Elizabeth I (7 September 1533 – 24 March 1603) was Queen of England and Queen of Ireland from 17 November 1558 until her death. Sometimes called The Virgin Queen, Gloriana, or Good Queen Bess, Elizabeth was the fifth and last monarch of the Tudor dynasty. The daughter of Henry VIII, she was born a princess, but her mother, Anne Boleyn, was executed three years after her birth, and Elizabeth was declared illegitimate. Her brother, Edward VI, cut her out of the succession. His will, however, was set aside, and in 1558 Elizabeth succeeded her half-sister, the Catholic Mary, during whose reign she had been imprisoned for nearly a year on suspicion of supporting Protestant rebels.
Elizabeth set out to rule by good counsel, and she depended heavily on a group of trusted advisers led by William Cecil, Baron Burghley. One of her first moves as queen was to support the establishment of an English Protestant church, of which she became the Supreme Governor. This Elizabethan Religious Settlement held firm throughout her reign and later evolved into today's Church of England. It was expected that Elizabeth would marry, but despite several petitions from parliament, she never did. The reasons for this choice are unknown, and they have been much debated. As she grew older, Elizabeth became famous for her virginity, and a cult grew up around her which was celebrated in the portraits, pageants and literature of the day.

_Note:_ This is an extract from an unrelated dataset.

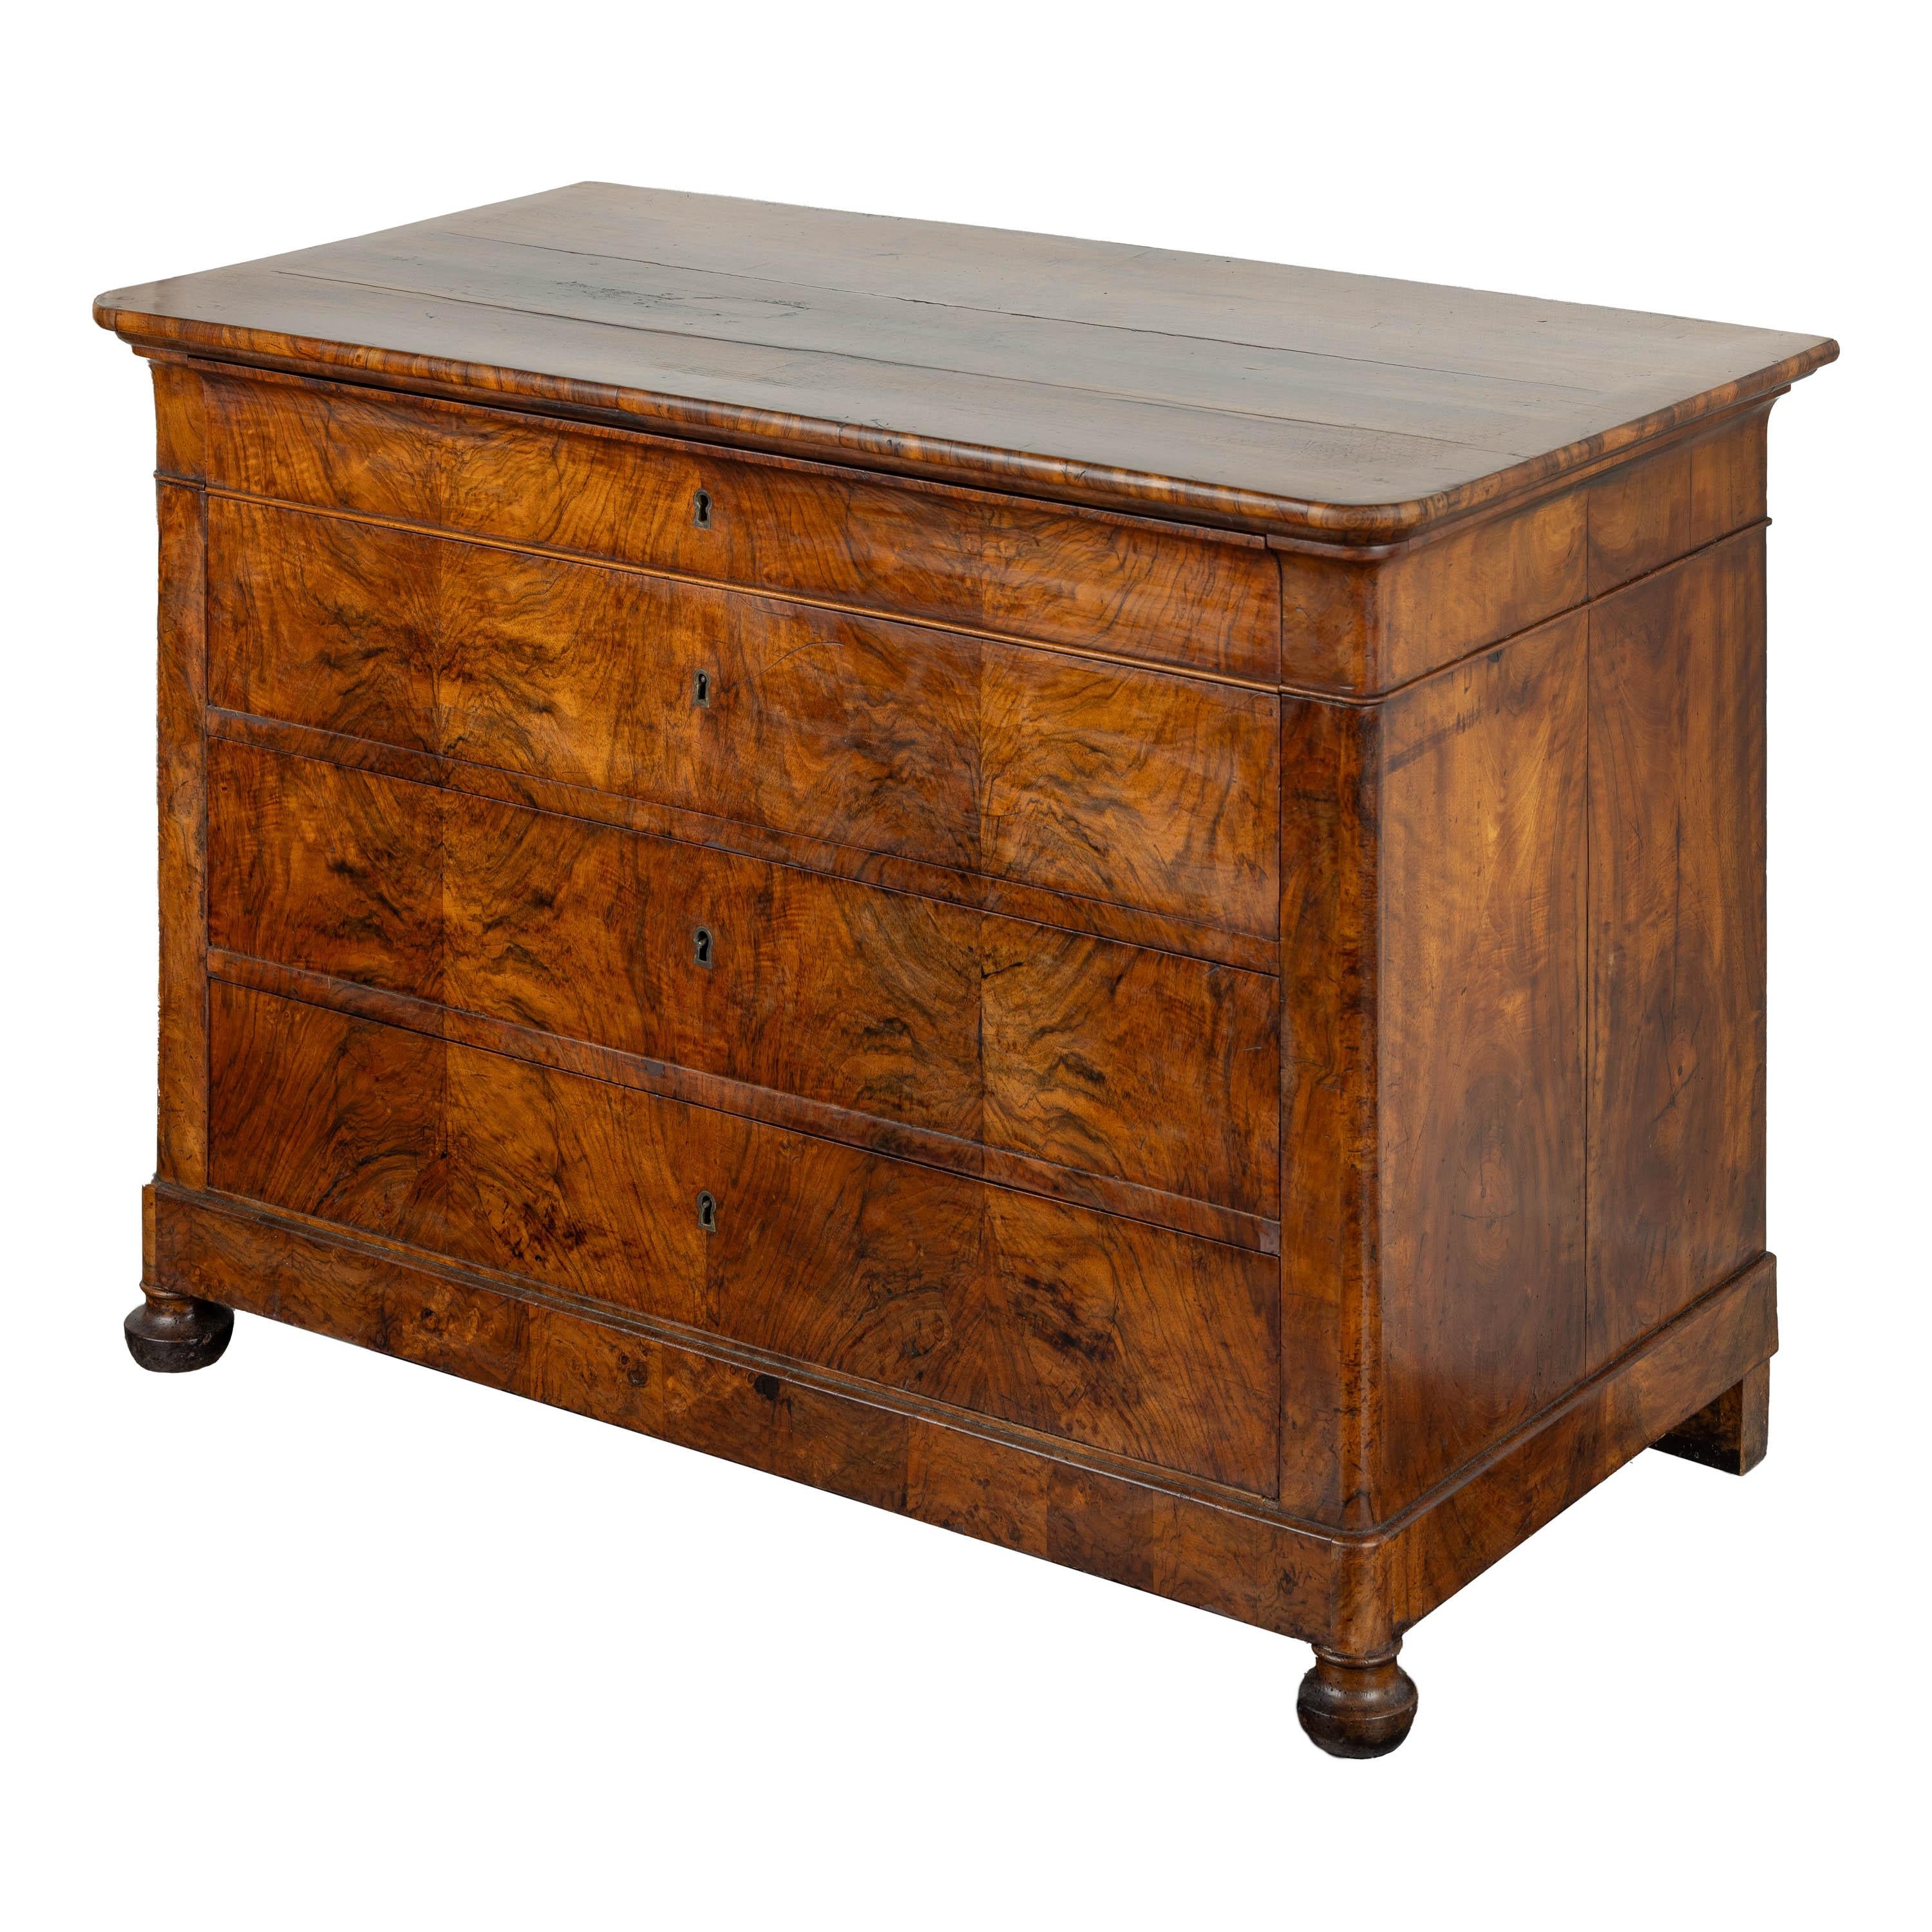 Louis Philippe Chest ca 1850’s. Beautiful details abound in the book matched walnut veneer commode. Pieces of this period rarely have solid planked wood top. 
All drawers glide and are accessed with the original key. Top hidden drawer (no

In government, Elizabeth was more moderate than her father and siblings. One of her mottoes was "video et taceo" ("I see, and say nothing").This strategy, viewed with impatience by her counsellors, often saved her from political and marital misalliances. Though Elizabeth was cautious in foreign affairs and only half-heartedly supported a number of ineffective, poorly resourced military campaigns in the Netherlands, France and Ireland, the defeat of the Spanish armada in 1588 associated her name forever with what is popularly viewed as one of the greatest victories in English history. Within 20 years of her death, she was being celebrated as the ruler of a golden age, an image that retains its hold on the English people. Elizabeth's reign is known as the Elizabethian era, famous above all for the flourishing of English drama, led by playwrights such as William Shakespeare and Christopher Marlowe, and for the seafaring prowess of English adventurers such as Francis Drake, John Hawkins and Walter Raleigh.
Historians, however, tend to be more cautious in their assessment. They often depict Elizabeth as a short-tempered, sometimes indecisive ruler, who enjoyed more than her share of luck. Towards the end of her reign, a series of economic and military problems weakened her popularity to the point where many of her subjects were relieved at her death. Elizabeth is, however, acknowledged as a charismatic performer and a dogged survivor, in an age when government was ramshackle and limited and when monarchs in neighbouring countries faced internal problems that jeopardised their thrones. Such was the case with Elizabeth's rival, Mary, Queen of Scots, whom she imprisoned in 1568 and eventually had executed in 1587. After the short reigns of Elizabeth's brother and sister, her 44 years on the throne provided valuable stability for the kingdom and helped forge a sense of national identity.